Starting from least kinetic energy, my S&W 442 (lowest in the pic). It holds five rounds of .38SPL and is rated for +P ammunition. It is absurdly light and small, which are big advantages during Iowa's tropical summers. I love my S&W revolvers, which is why I still own the 442. It is hard to shoot well (but I do because I'm awesome), slow to reload, and absolutely wild under recoil. With a gun this small and light, you have NO REASON not to carry it when possible. However, you better practice your ass off with a piece like this. J-frames are really a master's weapon, and shouldn't be carried by folks who don't want to put in the time with it. But thankfully, there are many other choices in this frame size that are more forgiving.

The P64 (the middle one) is a very, very good weapon and really deserves your consideration. It is incredibly accurate, about 15% more powerful than a .38SPl from a short barrel, reloads faster, is controllable under recoil, and is very thin. This gun just BEGS to be carried concealed. Ammo is even very cheap. It is a bit slower from the holster than the 442, and is noticeably heavier in a pocket, though it is hardly a heavyweight. I also find that, in my hand, it points very naturally. It disappears well in a pocket holster in the inside breast pocket of my stylish leather jacket or a diminutive inside-the-waistband (IWB) holster. The only reason I still own the 442 is that is is marginally lighter, and that if I am cut, my blood spells out "S&W". Also, I think the P64 is terribly gramatically correct, which I admire. You see below:The only proper use for quotation marks is to either quote from another source or when being ironic. Clearly, the Reds printed P64 on the first gun ever produced, and then quoted it when producing the next 46,000,000 P64s. Damn if I don't admire proper grammar. Well played, communist slaves, well played indeed.

Then there's my M&P9C (top), which I absolutely adore. I've shot it out to 50 yards a few times and can usually keep my whole group on an 8.5"x11" sheet of paper, which is pretty damn good for a gun with a 3.5" barrel, and a gun nut from the flatlands behind the trigger. It is considerably bigger than the other two, but is still concealable quite handily in an IWB holster under just a t-shirt, though I'd probably opt for a cover shirt as insurance (think a t-shirt under an unbuttoned button-up shirt). The trigger is fantastic, the ergonomics are fantastic, it is light, but still has very little recoil. It's chambered in 9x19mm, so it is the most powerful of the three, carries 13 rounds (12 in the mag, one in the pipe), and is generally a work of genius. The only problem is the size, which isn't all that problematic. I could still carry it most of the time, but the P64 and 442 are more concealable, and lighter. I'll still keep this thing around though because it is just such a great firearm.

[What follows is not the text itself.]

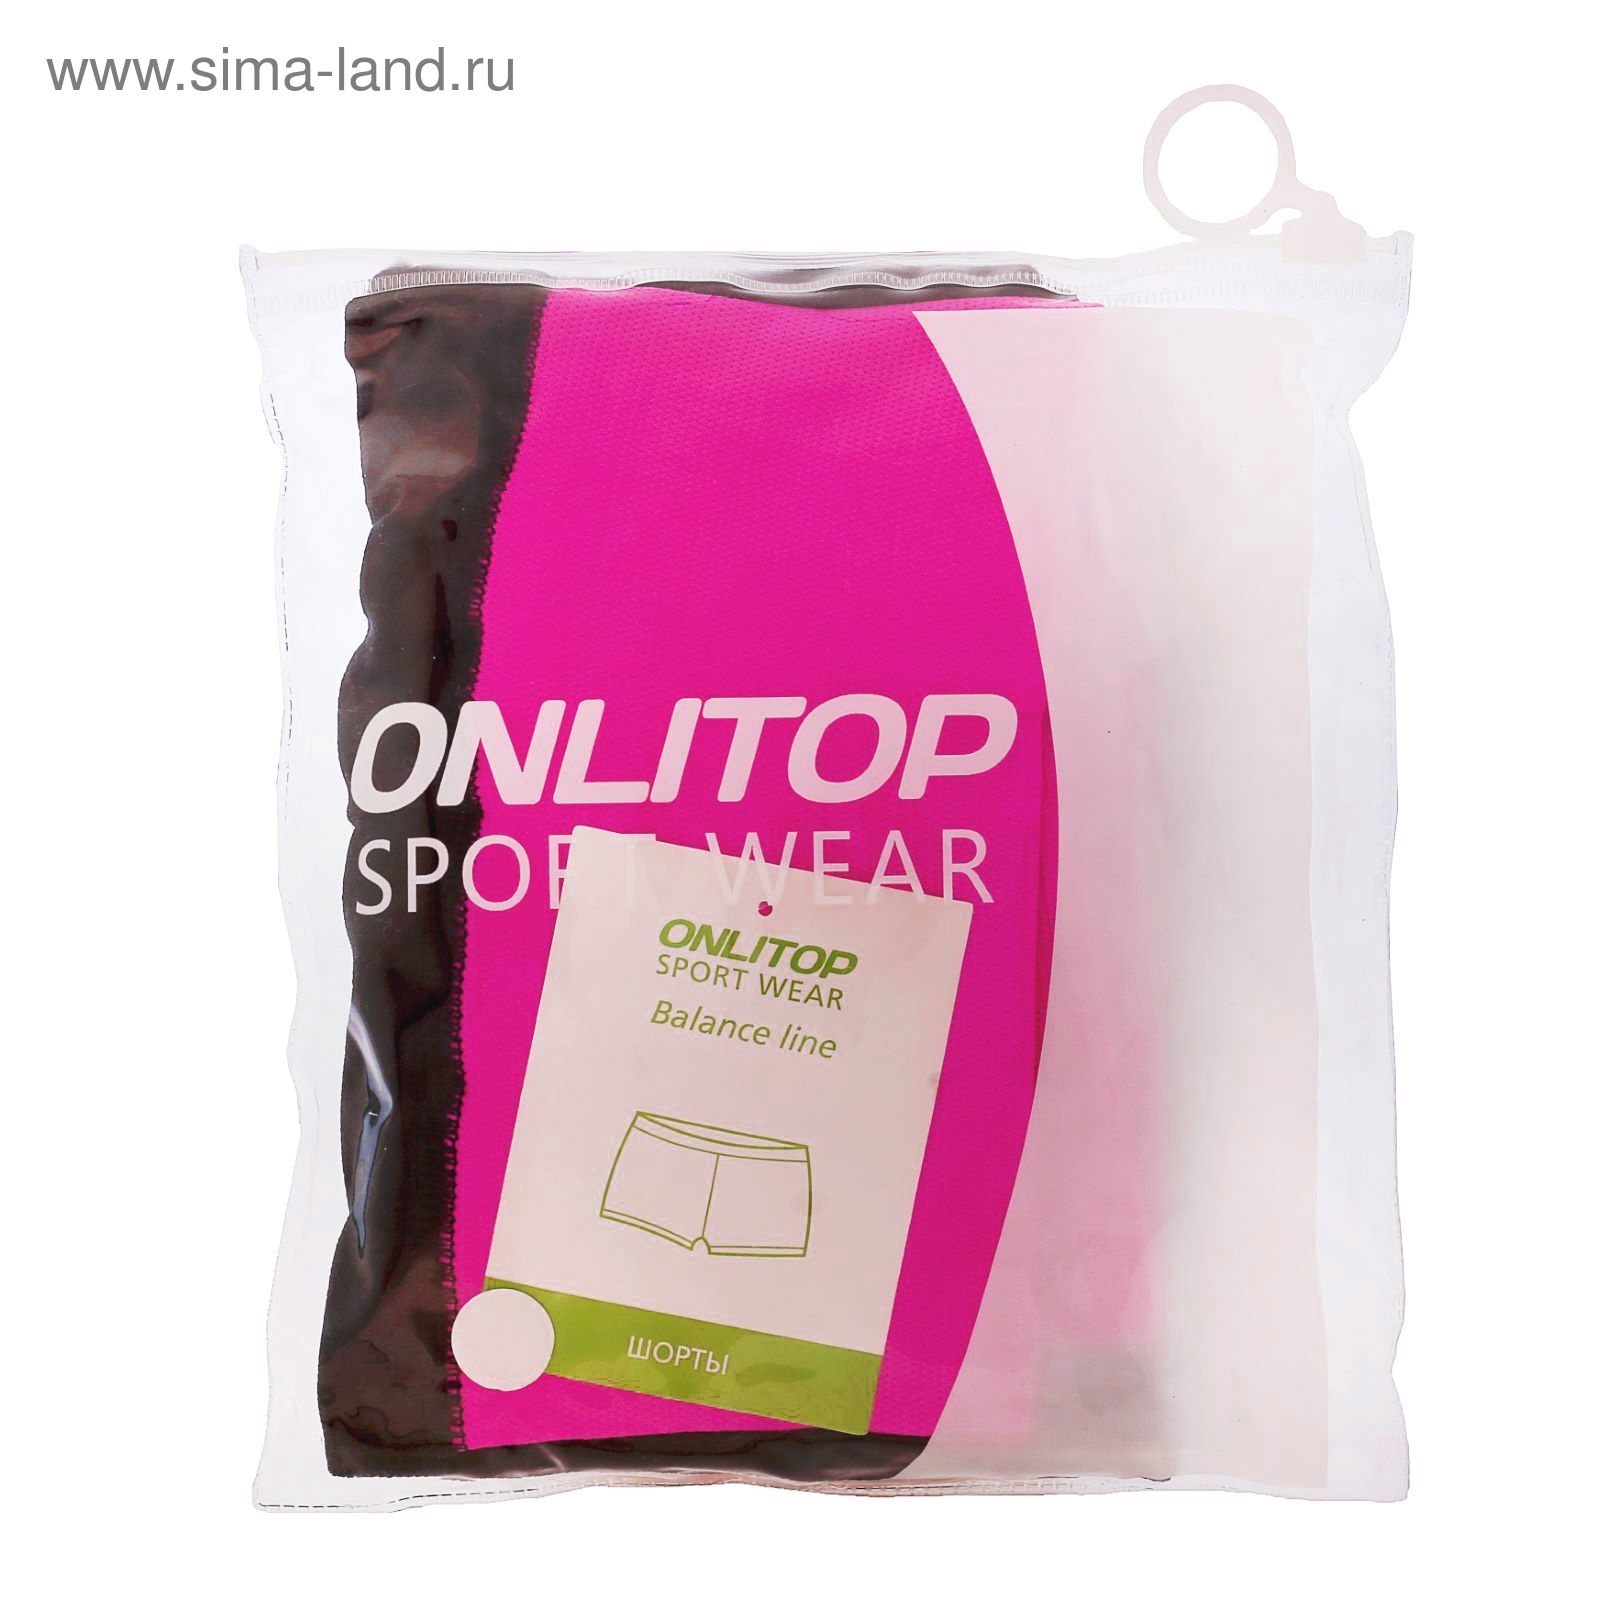 Спортивные шорты ONLITOP Balance rose, размер S-M (42-44)

The great thing about these little friends is that they can go anywhere and everywhere with you! Sure, a 1911 in 10mm might be more impressive, and packs WAY more whoop-ass, but isn't practical to carry everywhere if you aren't an enormous person. The gun you have in your pocket is always better than the gun you left in the glove box or at home because you didn't feel like carrying it.

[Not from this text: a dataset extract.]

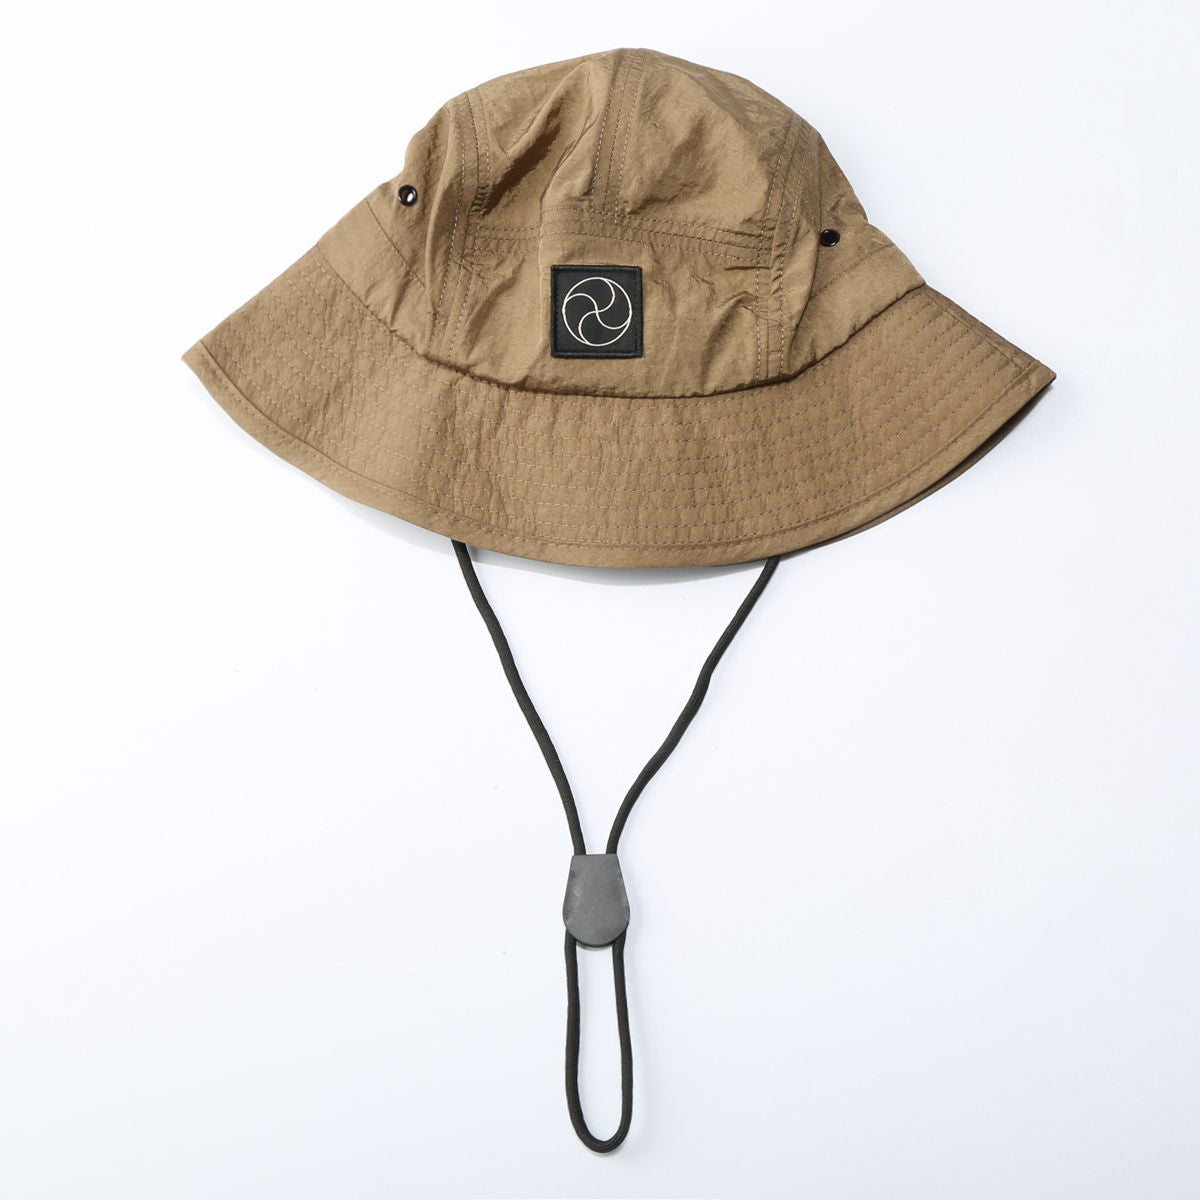 Sombreros informales con sombrilla: marca Tide de moda para hombres y mujeres

Thursday, December 17, 2009

FLGN Goes Big Bore

With the possibility of a deployment ahead, I've begun budgeting for some "I love me" presents. Near the top of the list is a big bore revolver. Thirty years ago you had one choice: the .44 Remington Magnum of Dirty Harry fame. But today, the .44 mag isn't "the most powerful handgun in the world"--probably not even in the top 5 anymore!

Then one day, the designers and engineers at Smith & Wesson stopped taking their meds. The result was the .500 S&W Magnum and the .460 S&W Magnum, which are ridiculous. My first thought was the .500. Who doesn't want a .50 caliber handgun? But ammo--even reloads--will eventually bankrupt you. Then I considered the .460 S&W Magnum, which is actually a tiny bit more powerful than the .500 mag at some bullet weights. The .460 is actually almost practical because it can fire .454 Casull and .45 Colt also. But to switch rounds, you have to thoroughly clean the cylinder because the shorter .45 Colt and .454 can leave powder and lead deposits which will make extraction nearly impossible for longer rounds. No big deal if you pay attention and maintain your firearms--which you'd better because X-Frame S&W revolvers (the .500 and .460) start at about $1100.

The problem with the X-Frame is that you only get five shots. The cylinder had to give up the sixth round to make it strong enough to withstand the nearly 60,000 PSI created by pulling the trigger. The 5" barreled model, which is the one I'd have, weighs in at 62.5 ounces. That's nearly four pounds, which could get old in a strong-side hip holster. Especially when you consider that .460 S&W can shoot rounds that weigh in at nearly two ounces each (complete rounds--the bullet weight tops out at 395 grains), so loaded weight would be nearer to five pounds. The .460 S&W is an amazing firearm, but a bit too expensive for me, and I have a sinking feeling I wouldn't really want to pack it around that much.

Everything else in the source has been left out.